By the time this happened Caro had been engaged with the project, not exclusively but nevertheless seriously, for at least two years, and his disappointment at its abandonment should have been considerable. Perhaps it was, briefly. But almost immediately (“coming from the tea room into the studio,” he says) he recognized that the segments of the overall construction raised on their struts had the makings of sculptures in their own right, and he decided on the spot to use them as starting points for individual pieces. There followed an intense campaign of work as the larger construction was divided into sections and those sections in turn were, one by one, transformed in countless ways into large, abstract, and autonomous works of art.

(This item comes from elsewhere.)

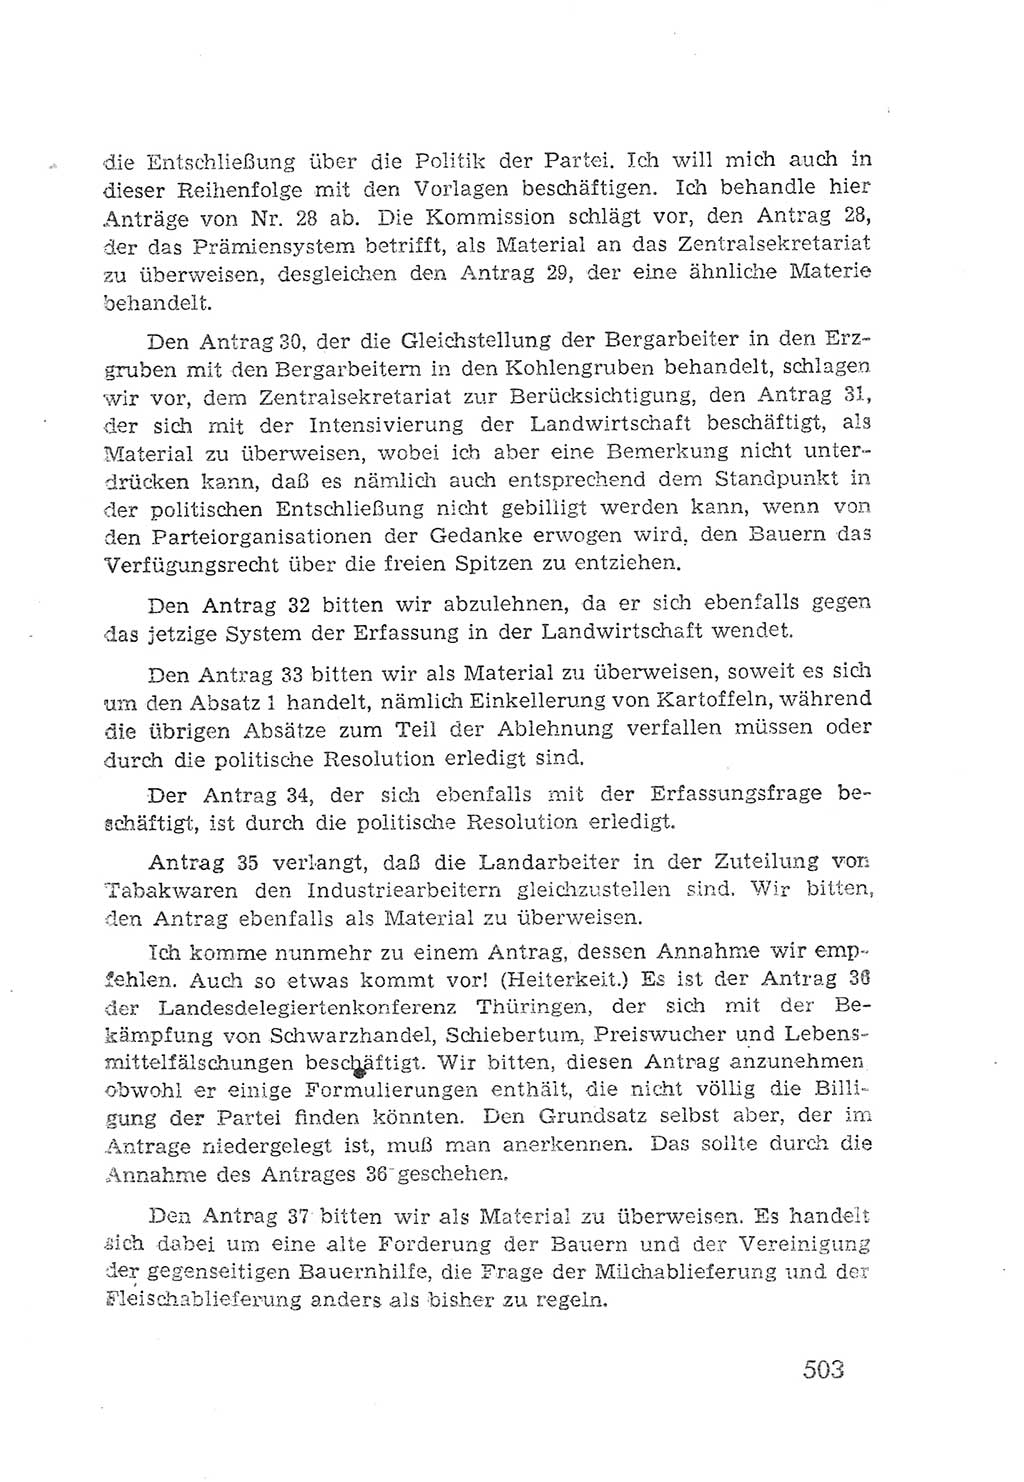 Protokoll der Verhandlungen des 2. Parteitages der Sozialistischen Einheitspartei Deutschlands (SED) [Sowjetische Besatzungszone (SBZ) Deutschlands] 1947, Seite 503 (Prot. Verh. 2. PT SED SBZ Dtl. 1947, S. 503)

In the end there turned out to be twelve such sculptures, eleven of which are on view in the present exhibition, the twelfth, River Song, being simultaneously on display at the Museo Correr in Venice. Eventually, I am convinced, the Park Avenue series will be recognized as one of the major triumphs of Caro’s long and distinguished career, and in particular as a knockdown demonstration of the continued viability of high modernist abstraction in the face of the widespread assumption that no such thing is any longer even conceivable. In advance of that recognition a few points may usefully be made.
First, all the pieces (save one) carry a positive impetus from the original project by virtue of their strong lateral organization as well as, in many of them, an unmistakable sense of abstract speed or, perhaps better, drive. Again and again, lateral elements, mainly parallel to the ground though sometimes at an angle to it, in the form of long pipes (often capped at the ends), extend or run or thrust vigorously from one end of the piece to or toward the other (usually from left to right, as seen from the sculptures’ “front”). Lateralness as a mode of organization has always been good to Caro, as in the Tate’s Early One Morning (1962) and the superb Prairie (1966). Indeed, it quickly emerged as a significant difference between his work and that of his American predecessor in welded steel, David Smith, in whose sculptures, as Clement Greenberg once noted, the uprightness of the human figure continually reasserted itself. But the Park Avenue sculptures do something new with lateralness by virtue of their all but diagrammatic clarity, as if the tubes and other lateral elements are to be seen as so many vectors given material expression, material form, before our eyes. (The lone exception to the lateral norm is the last work to be completed, Tempest, which in effect brings the series to a full stop.)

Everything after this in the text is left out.